À chaque publication que nous postons, la faisons-nous dans l’intérêt supérieur de nos enfants, ou par besoin de flatter notre propre ego, de démontrer notre parentalité exemplaire voire parfois d’humilier sa progéniture que l’on ferait pleurer pour quelques vues en plus ?

Les chiffres du sharenting ont été exposés et réexposés : 50% des contenus diffusés sur les sites pédocriminels proviennent de publications privées postées par des parents sur des réseaux accessibles au public. À l’âge de 13 ans, un enfant a déjà en moyenne 1 300 clichés de lui qui circulent sur internet.

Avons-nous la certitude que l’intégralité de nos contacts, de ce vague collègue croisé en afterwork à cet ami d’ami ajouté en 2019 après un EVG n’aura de pensée malsaine ?

À chaque pression sur le bouton « publier », sommes-nous en train de passer un « temps de qualité et d’attention», ce fameux temps scruté par les professionnels de l’enfance lors des rencontres médiatisées, avec notre descendance, ou devisons-nous sur le nombre de vues qu’atteindra l’œuvre picturale ?

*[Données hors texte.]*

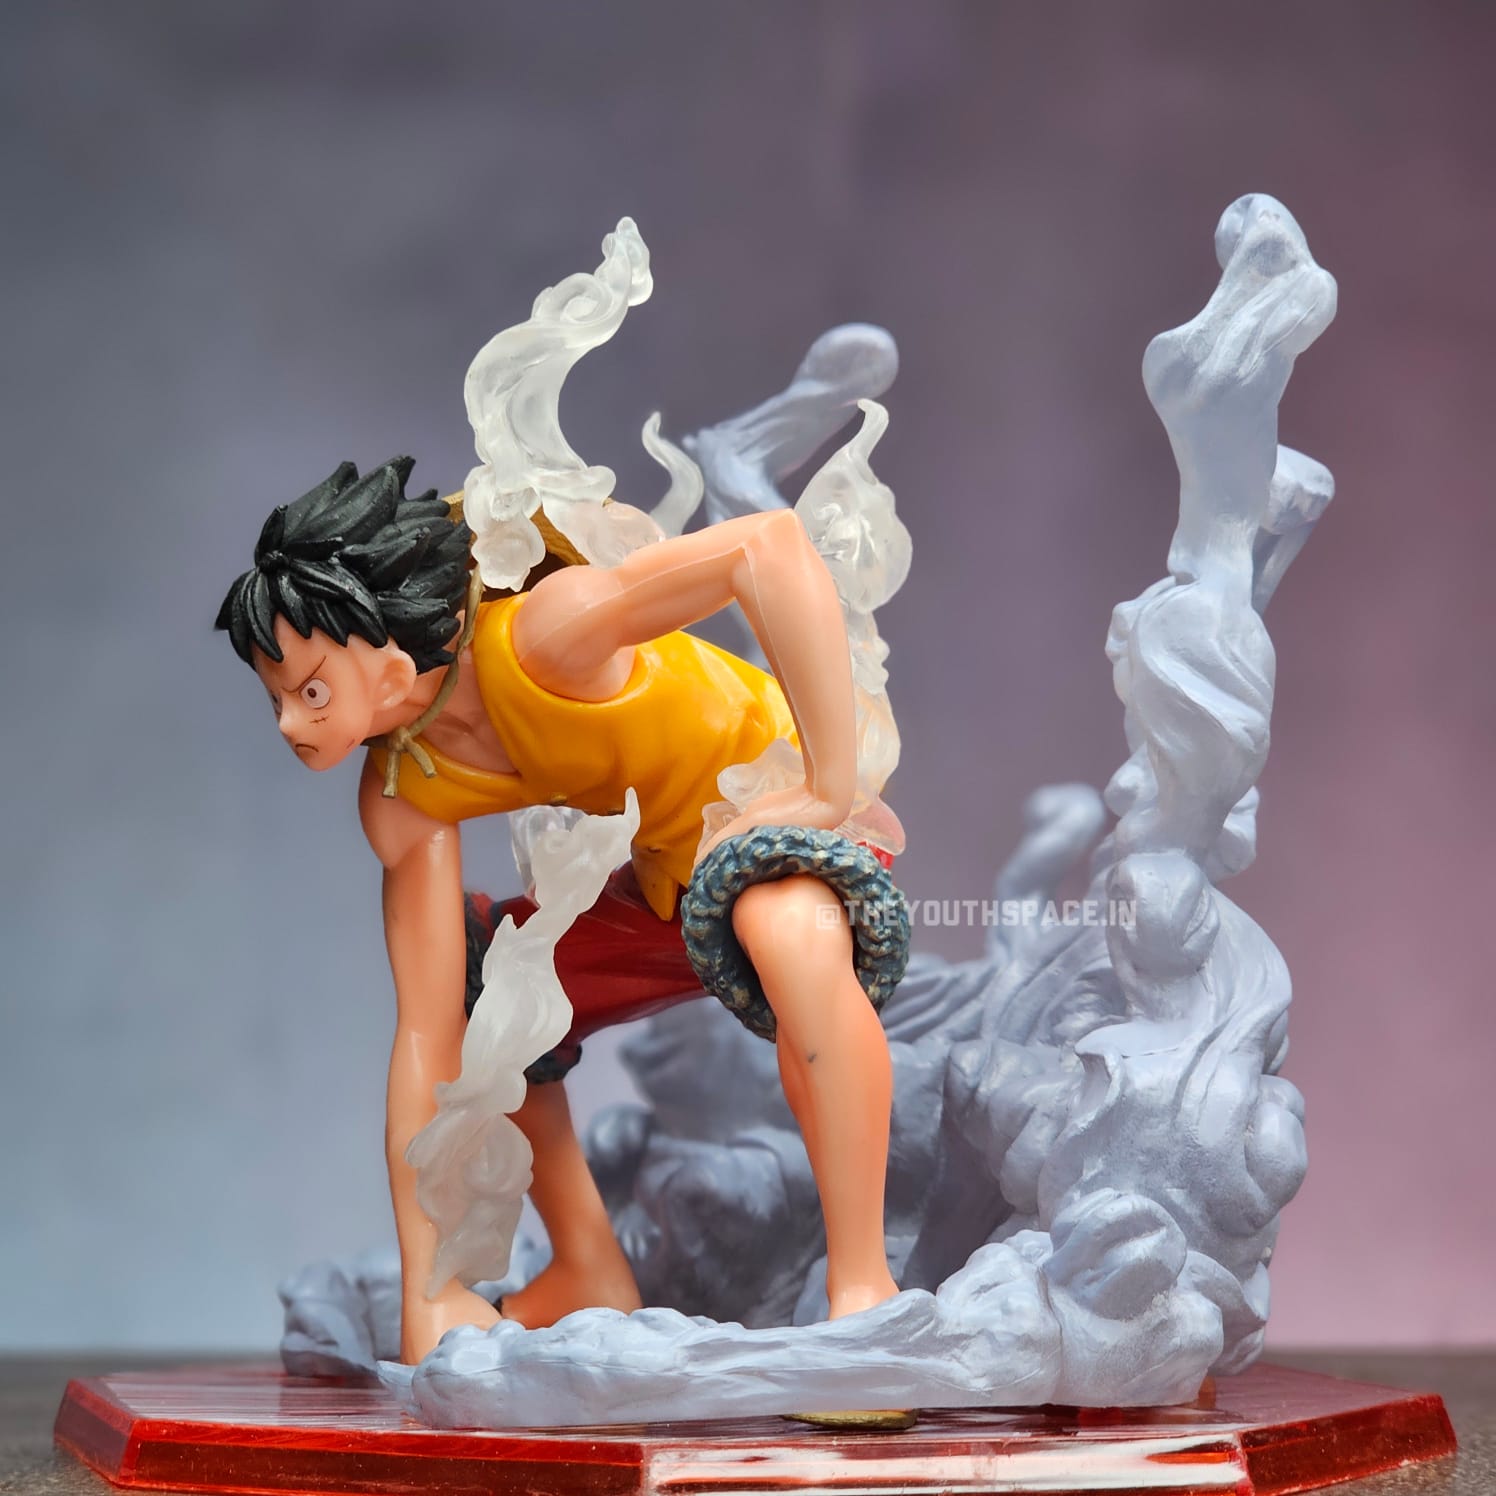 Gear 2 Luffy Action Figure - One Piece.

L’autorité parentale, ce n’est pas jouir d’un droit à l’image comme de sa propre marque, c’est protéger l’image, le corps et l’innocence.

Sacraliser le droit à la vie privée de l’enfant

C’est n’avoir que trop conscience que l’enfant se confrontera bien trop vite aux pressions, moqueries et admirations de leana94 et jayzzzz pour le préserver du regard des adultes.

L’article 373-2-6 donne pouvoir au juge d’interdire la diffusion de l’image d’un enfant, en l’absence d’accord des deux parents.

À l’heure où la loi intégrale revient dans le débat parlementaire, une proposition responsable voudrait que l’on renforce l’article 372-1 du Code civil en y inscrivant que les parents s’interdisent d’eux-mêmes de faire usage de l’image de leur enfant en dehors d’un contexte privé.

Comme le Royaume-Uni s’est illustré par ses interdictions générationnelles d’acheter du tabac, ou l’Australie par son interdiction des réseaux au moins de 16 ans, la France prendrait une position législative forte en sacralisant le droit à la vie privée de l’enfant, protégée par ses parents avant que le juge n’ait besoin d’intervenir.